Although the stable version BtrFS not yet included in most distributions Linux(for today, judging by the post - only SUSE and Oracle Linux) - it may well replace Ext3 / 4 in the foreseeable future and already provides conversion options Ext3 / 4 in BtrFS... Also, it's worth mentioning that one of the developers Ext, said that " BtrFS Is a step into the future. "

Characteristics:

  • maximum partition size: 16 EB;
  • maximum file name size: 255 characters.
  • due to performance, snapshots and other features - BtrFS is an excellent file system for the server;
  • Oracle also develops a replacement for NFS and CIFS, which is called CRFS and which is designed to improve performance for file storages with BtrFS;
  • performance tests showed lag BtrFS from Ext4 on solid-state media such as SSD and for operations with relatively small files:

ReizerFS

- introduced in 2001, it realized many possibilities that can never be realized in Ext*. In 2004 to replace ReizerFS FS was released Reizer4.
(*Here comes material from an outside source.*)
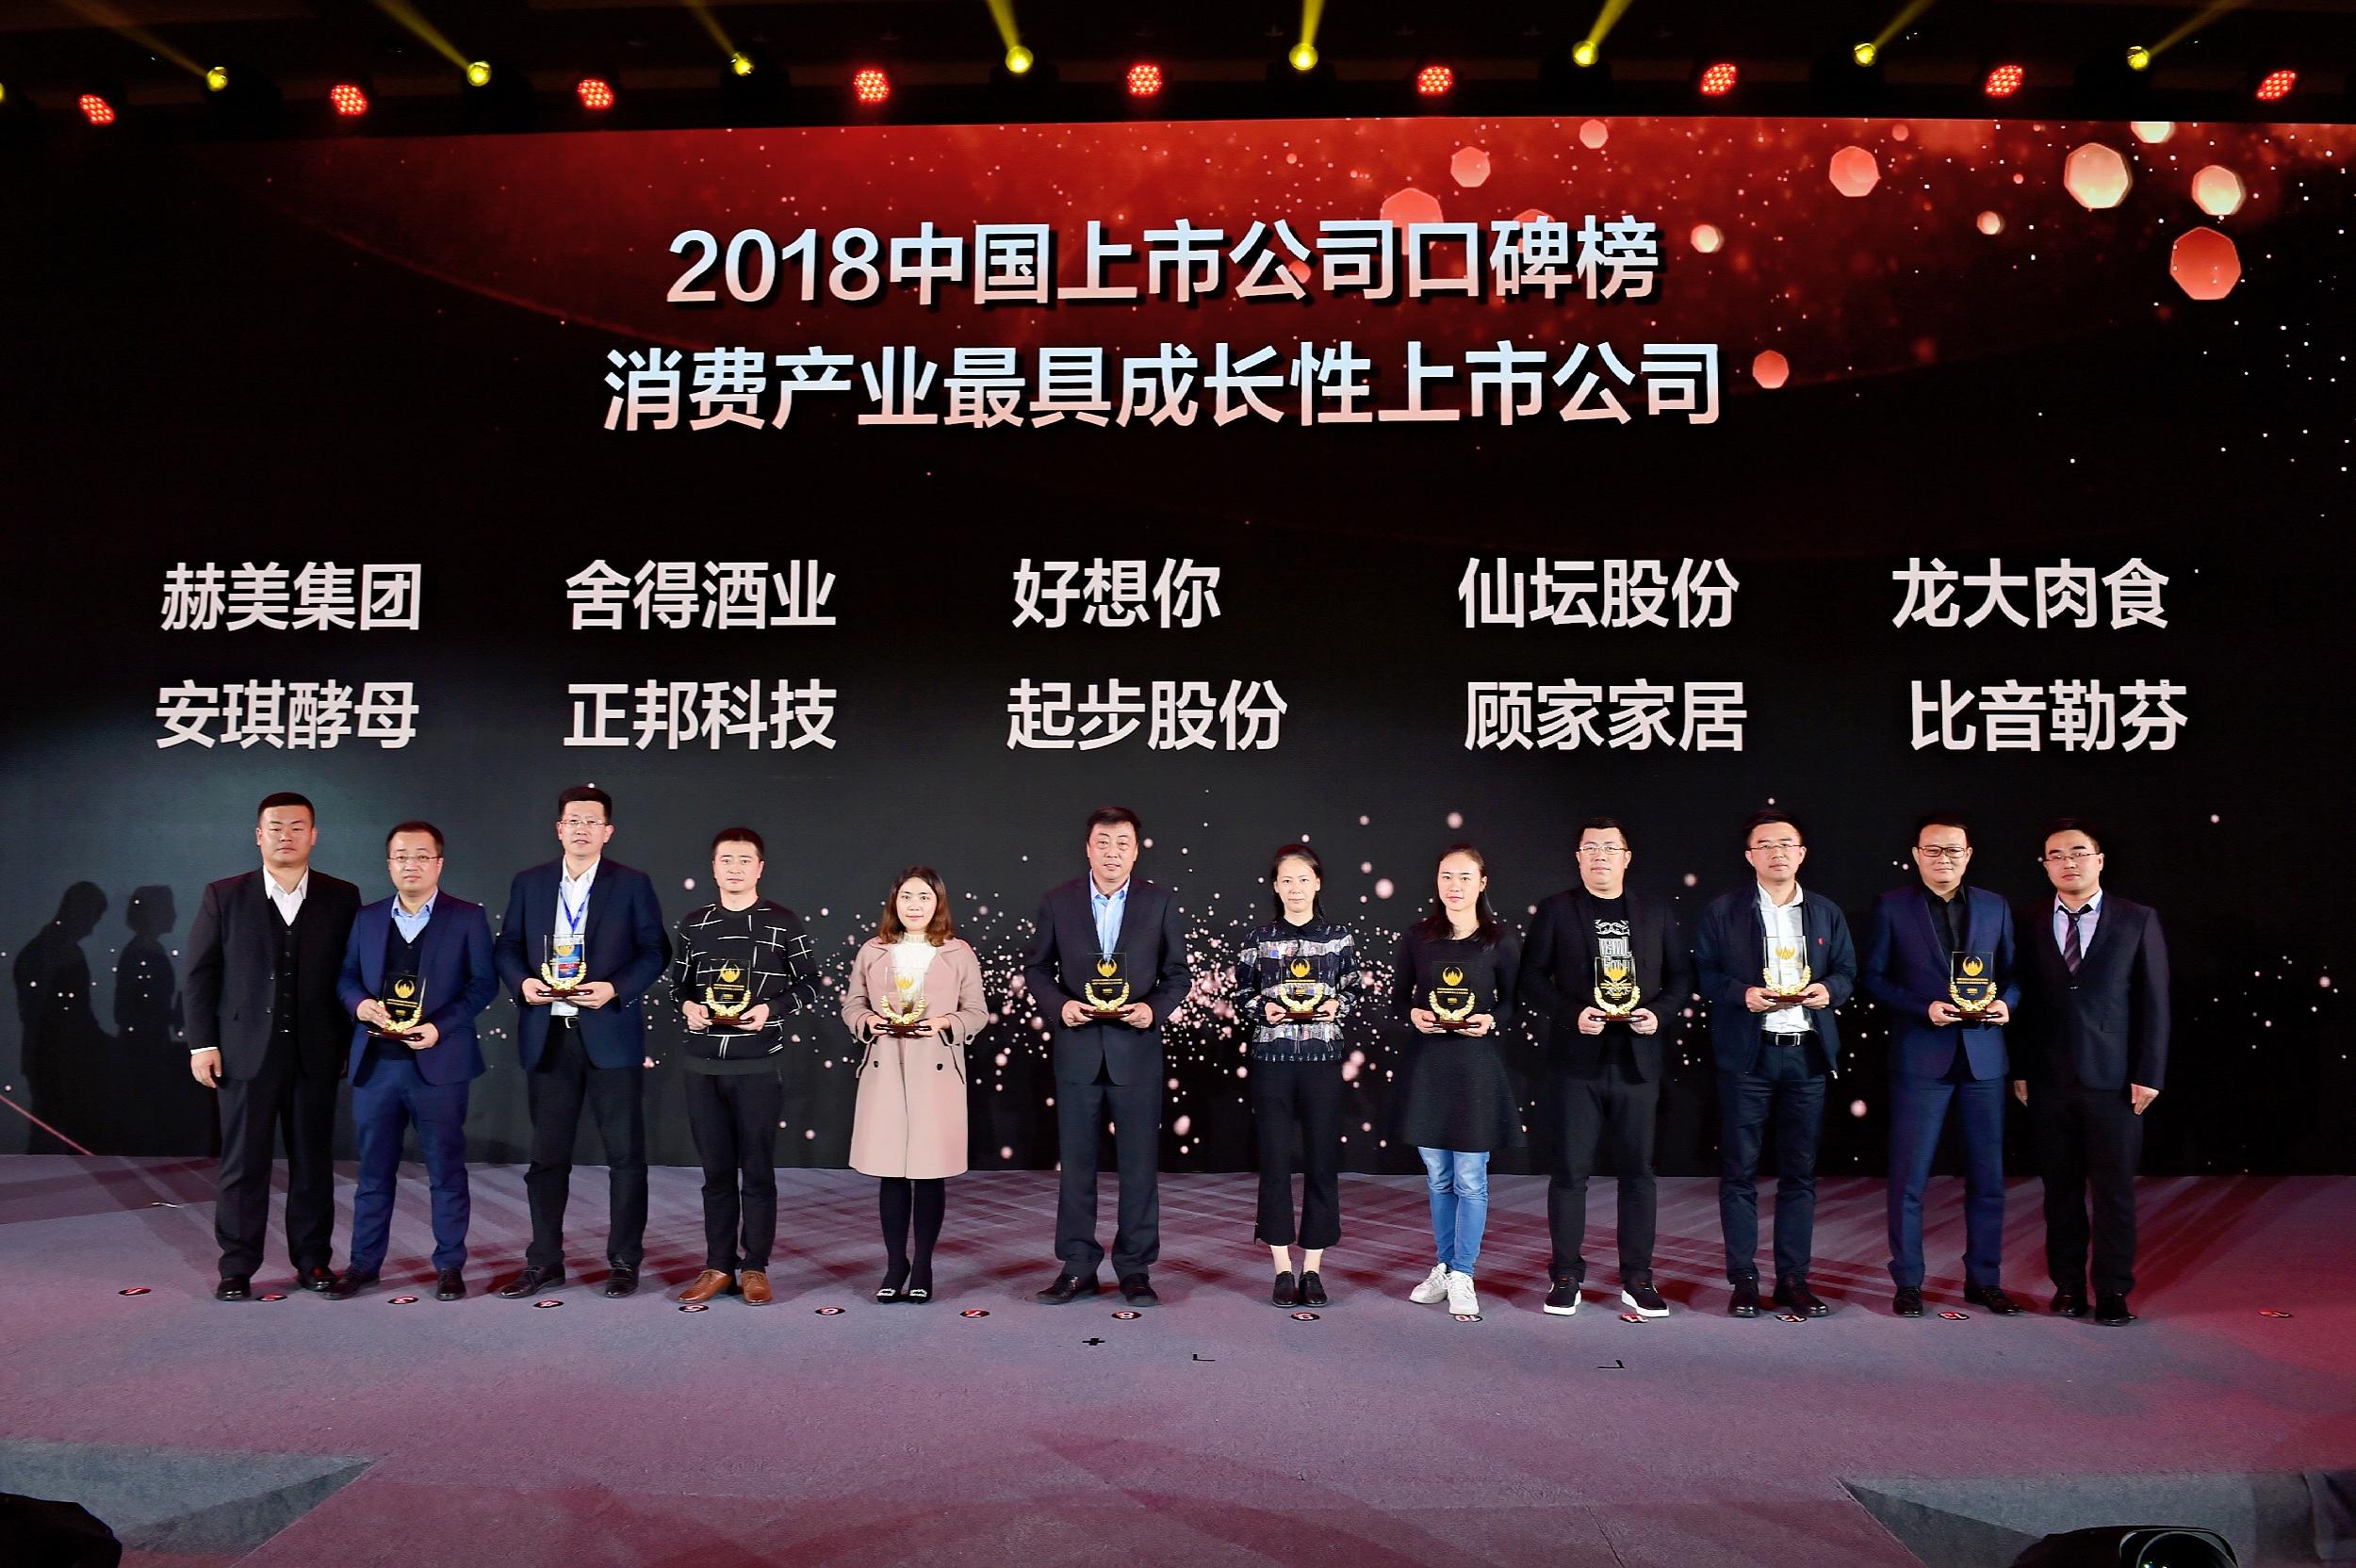 安琪酵母获 2018中国上市公司口碑榜消费产业最具成长性奖

At the same time - development Reizer4 progressing very slowly and still has limited support (?) in the kernel Linux... Currently, only ReiserFS .

Characteristics:

  • maximum file size: 1 EB ();
  • maximum partition size: 16 TB;
  • maximum file name size: 4032 bytes, but limited to 255 characters.
  • excellent performance when working with small files such as log files and is great for database servers or mail servers;
  • ReiserFS lends itself well to increasing the volume size - but does not support its reduction and encryption at the FS level;
  • future Reiser4 is still in question and for now BtrFS remains the preferred (?) choice between these two FS.

ZFS

- it is worth mentioning here, tk. it was also developed by the company Oracle and has capabilities similar to BtrFS and ReizerFS... She also became quite famous after the company Apple the intention to use it as the default file system. First release ZFS took place in 2005.

Due to license restrictions - ZFS cannot be included in the kernel Linux, but its support is possible with the help of the mechanism Linux's (FUSE).

Characteristics:

  • maximum file size: 16 EB ();
  • maximum partition size: 256 ZiB (Zebibyte);
  • maximum file name size: 255 bytes.
  • shows excellent performance when working with large disk arrays;
  • supports the ability to combine disks into arrays, create FS snapshots, and work with "layered display" ( ) data;
  • possible difficulties when trying to install and use in Linux-systems, due to the need to use FUSE.

Swap

Swap- is not a file system at all. File or section with swap-th is used by the kernel virtual memory system and has no filesystem structure at all. You cannot mount it and read data from it, because swap used exclusively by the kernel Linux to write pages of memory not disk. Usually - swap is used only when the OS lacks free RAM and "flushes" part of the data from memory to swap for her release.